Джон Голсуорси - Патриций
Эту улыбающуюся маску - непроницаемость юности - она сбросила только ночью. Сидя у окна в свете луны - "золотистой бабочки, взмывающей медленно в ночные небеса", - она жадно всматривалась в темноту, словно пыталась прочитать в ней что-то очень важное. Изредка она тихонько касалась себя рукой - ощущение собственного тела странно успокаивало. К ней вернулось давно знакомое тревожное чувство, точно душа ее раздвоилась. И эта ласковая ночь, безмятежное дыхание моря и темный бескрайний простор пробудили в ней жгучее желание слиться воедино с чем-то, с кем-то, не быть одной. Накануне на балу ее вновь охватило "ощущение полета", и оно не проходило - странное проявление ее мятущегося духа. И это следствие встреч с Куртье, это бессильное желание взлететь и ощущение подрезанных крыльев было ей горько и обидно, как обидно ребенку, когда ему что-то запрещают.
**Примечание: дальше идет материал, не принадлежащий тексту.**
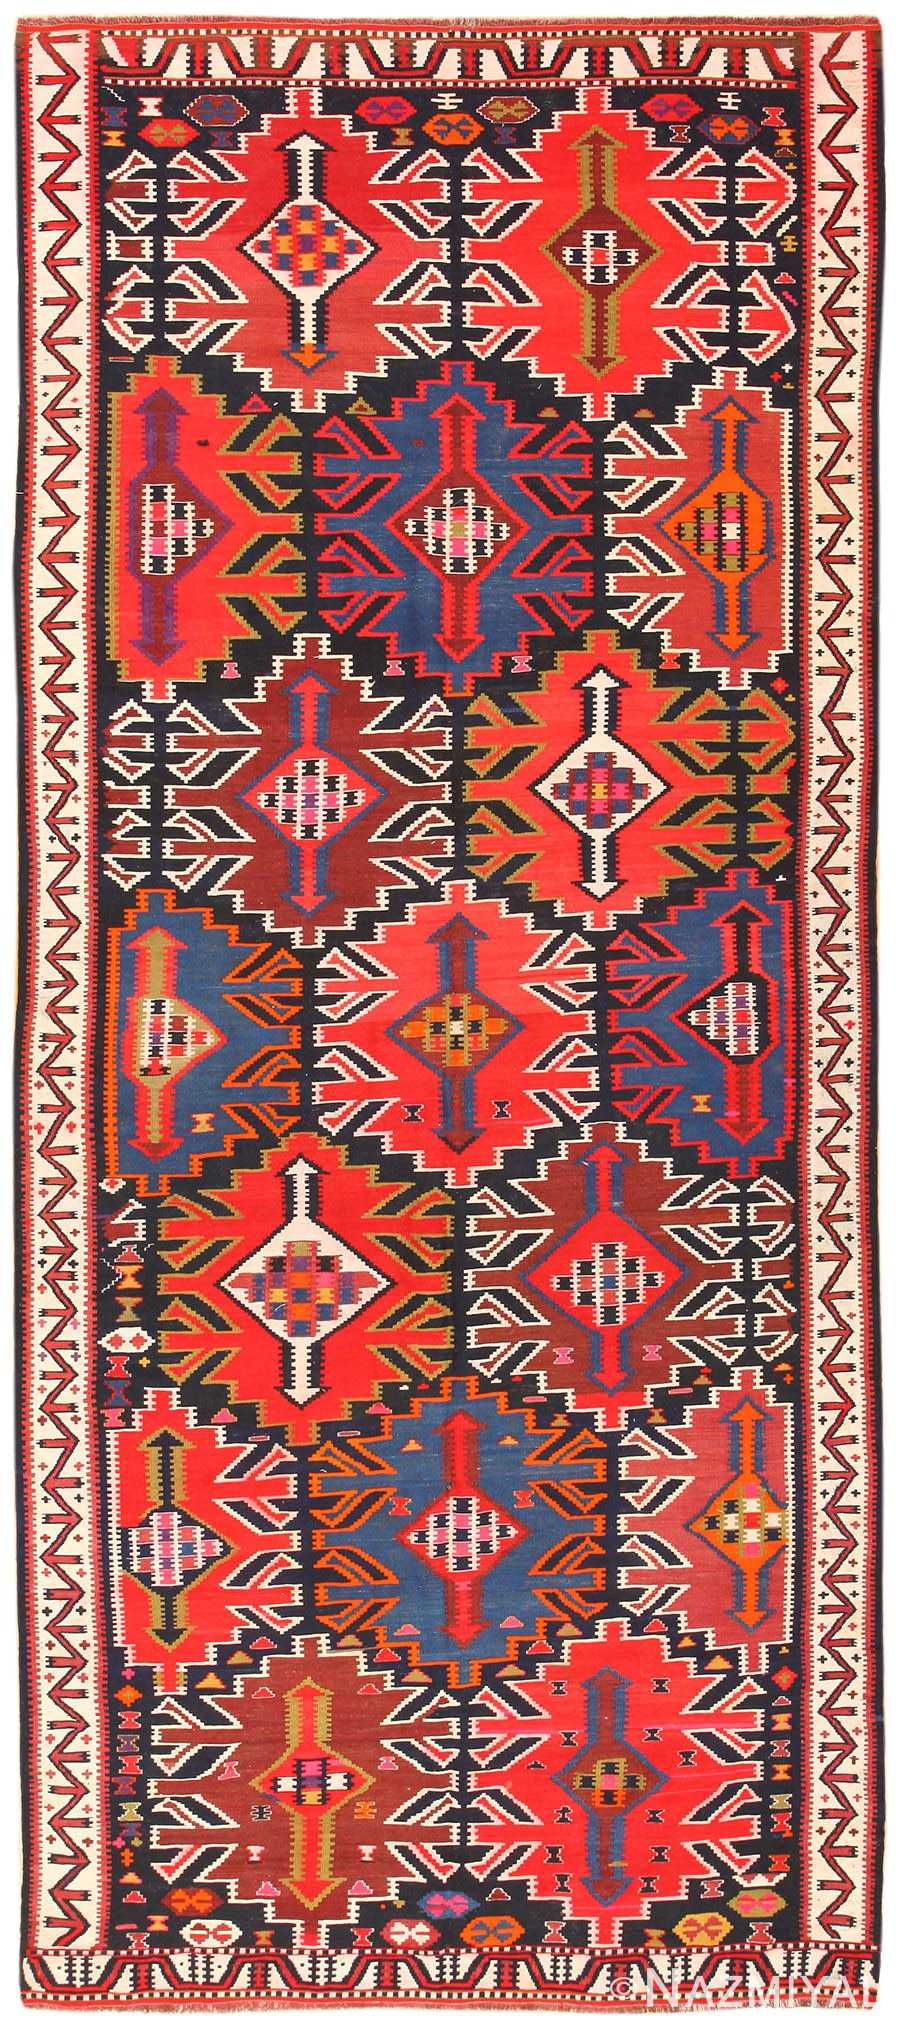 Vintage Turkish Kilim Rug 50421 Detail/Large View

Ей вспомнилось: в Монкленде однажды в оранжерею, спасаясь от какого-то врага, залетела сорока, и ее потом приютила экономка. Когда уже казалось, что птицу удалось приручить, ее решили выпустить и посмотреть, вернется ли она. Несколько часов сорока просидела высоко на дереве, а потом возвратилась в клетку; и тогда, опасаясь, что при новой попытке взлететь ее заклюют грачи, ей подрезали одно крыло. После этого пленения птица жила весело и беззаботно, прыгала но своей клетке и по площадке перед домом, куда ее выпускали на прогулку, но порою вдруг становилась беспокойной, пугливой и начинала махать крыльями, словно мечтала взлететь и грустила, что ей суждено оставаться на земле,
Вот и Барбара, сидя у окна, трепыхала крылышками; потом легла, но не могла уснуть и только все вздыхала и ворочалась. Часы пробили три; ей стало нестерпимо досадно на себя и, накинув поверх ночной сорочки плащ и сунув ноги в туфли, она выскользнула в коридор. В доме все было тихо. Она крадучись сошла вниз. Ощупью пробралась через сумрачную прихожую, населенную еле различимыми призраками, робкими подобиями света, осторожно сняла дверную цепочку и побежала к морю. Она бежала по росистой траве неслышно, как птица, парящая в воздухе; и две лошади, учуяв ее в темноте, зафыркали, задышали тревожно среди лютиков, сомкнувших на ночь лепестки. Барбара вышла за ограду и оказалась на берегу. Пока она бежала, ей хотелось только одного - кинуться в прохладную воду, но море было такое мрачное, окаймленное едва различимой полоской пены, и небо, тоже черное, беззвездное, застыло в ожидании дневного света!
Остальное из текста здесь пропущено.